“Then one never-to-be-forgotten day the Red Terror, which men call fire, broke loose in the Green Forest, and all the little people fled before it. Across the meadows and past old Mr. Badger they raced, with fear in their eyes, and behind them came the Red Terror. A terrible fear sprang up in the heart of Mr. Badger. With those short legs he never in the world could run fast enough to escape. What should he do? What could he do? He looked at the great claws on his stout feet, and all in a flash an idea came to him. Perhaps if he dug a hole and crawled into it, the Red Terror would not find him. At once he began to dig, and how the dirt did fly! In just no time at all he was quite out of sight, and by the time the Red Terror had reached there, he was so far down in the ground that he didn't even feel the heat.

“When it was all over and the earth had cooled off so that he could come out, he sat on the pile of dirt in front of his hole and did some hard thinking. He looked at his stout legs and long claws, and all at once it came over him that Old Mother Nature had not been so unfair after all. She had provided him with a means to take care of himself which he wouldn't exchange with any of his neighbors for all their speed and better looks. Later, when he saw how some of them were worn out with running, and some of them even had burned places on their coats, the last bit of envy disappeared.

“'I guess,' said he to himself, 'Old Mother Nature has given each one special blessings, but she expects us to find them out for ourselves. I've found mine out, some of them, anyway, and I'll just get busy and look for the rest. I'm going straight over to the prettiest part of the Green Meadows where the Red Terror hasn't been and dig myself a house in the ground. There is no place like a good home, so what is the good of roaming around? My legs were not intended for that, and those who have got longer legs can do it if they want to.'

“He did just what he said he would do. He practised digging until he was the best digger of all the little people. The more he dug, the stouter and stronger his legs became, and soon he found that all his neighbors respected his strength, and none would quarrel with him.
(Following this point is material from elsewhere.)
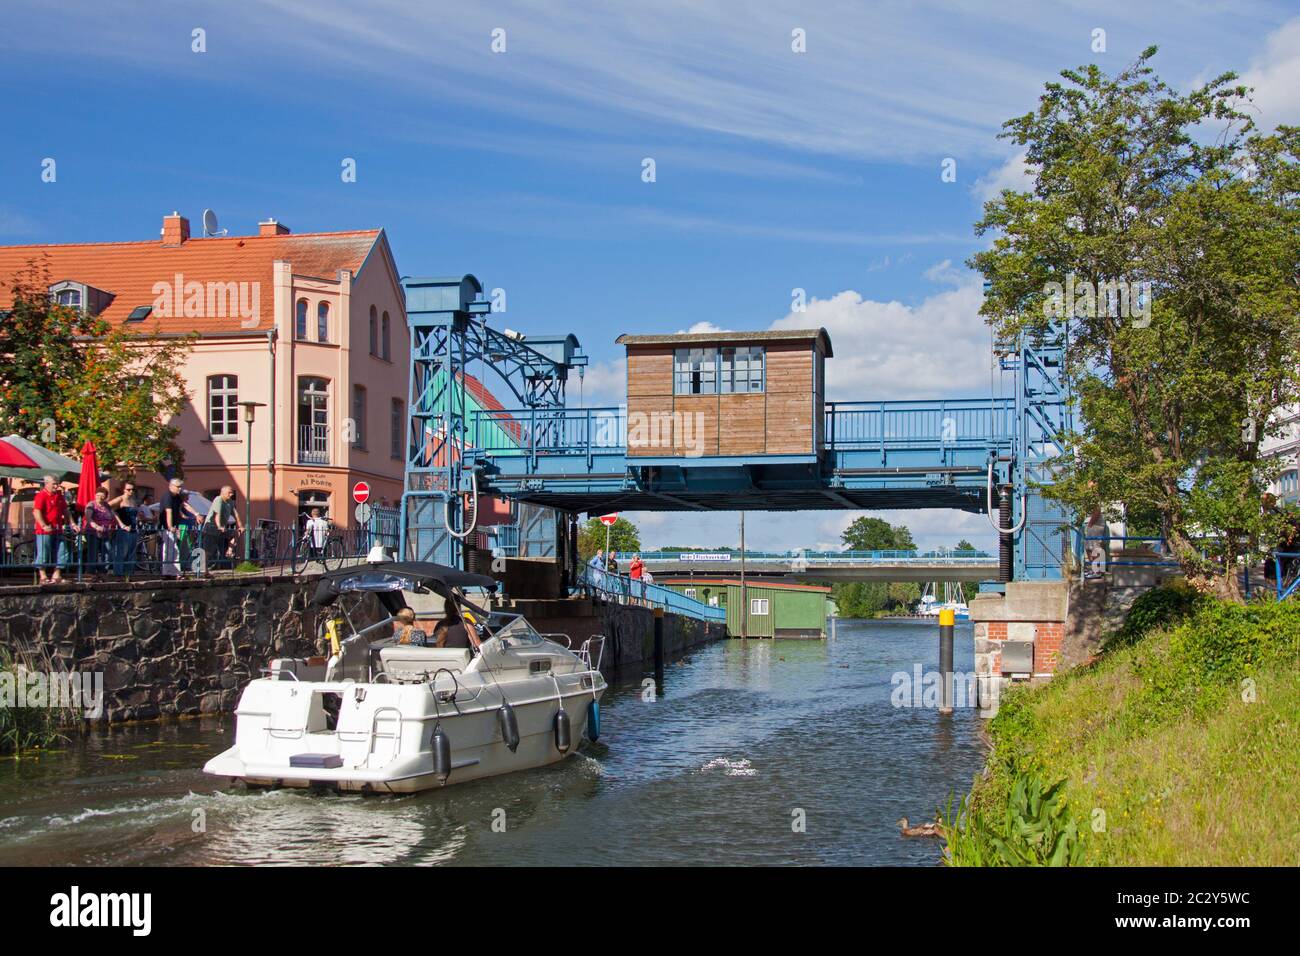 Tradizionale ponte elevatore sul fiume Elde a Plau am See, città nel quartiere Ludwigslust-Parchim, Meclemburgo-Pomerania occidentale, Germania Foto Stock

Because he could get plenty to eat near his home, he never went far from his doorstep, and from that time on he lived in perfect safety and contentment. He brought his children up to do the same thing, and if you should go over and ask Digger to-day, he would tell you that there is no place like home, and that he envies no one. I'm glad, however, that not every one agrees with him, or I should have hard work to get a living,” concluded Old Man Coyote with a sly wink at Mrs. Peter.


IX. WHEN BOB WHITE WON HIS NAME

THIS isn't the story of the Bob White you know, and yet when I think it over, I don't know but that it is, after all. It is the story of the first Bob White, the great-great-great-ever-so-great-grand-father of the Bob White you know and I know and everybody who ever has heard his whistle knows. It is a story of that long-ago time, way back in the beginning of things, when the world was young, and yet I guess it is just as much our own Bob White's story as it is his great-great-great-ever-so-great-grandfather's. You see, it is because of it, of what happened in that long-ago time, that Bob White is Bob White. So that makes it his story too, doesn't it? Anyway, I'll tell you the story and leave it to you to decide.

Old Mother West Wind told me the story, and she got it from Peter Rabbit, and Peter got it from—well, I don't know for sure, but I suspect he got it from Bob White himself. You know Peter and Bob White are great friends. They are very near neighbors. They are such near neighbors and such good friends that if it popped into Peter's funny little head to be curious about Bob White's affairs, he wouldn't hesitate an instant to ask Bob about them. Anyway, some one told Peter the story, and I like to think that that some one was none other than that brown-coated little whistler, Bob White the Quail, himself. Here is the story as Old Mother West Wind told it to me:

“Long, long ago, way back in the beginning of things, when the world was young, when the Green Meadows were new, and the Green Forest was new, and the Smiling Pool and the Laughing Brook and the Big River were new, and the little and big people whom Old Mother Nature put in them to live were new too, being the very first each of his kind, things were different, quite different from what they are now. Old Mother Nature was busier than she is now, and goodness knows she is busy enough these days. In fact, she is a million times busier than the busiest other person in all the Great World. If she wasn't, if she grew tired or lazy or careless or anything like that, I am afraid things would go so wrong with the Great World that they never, never could be righted again.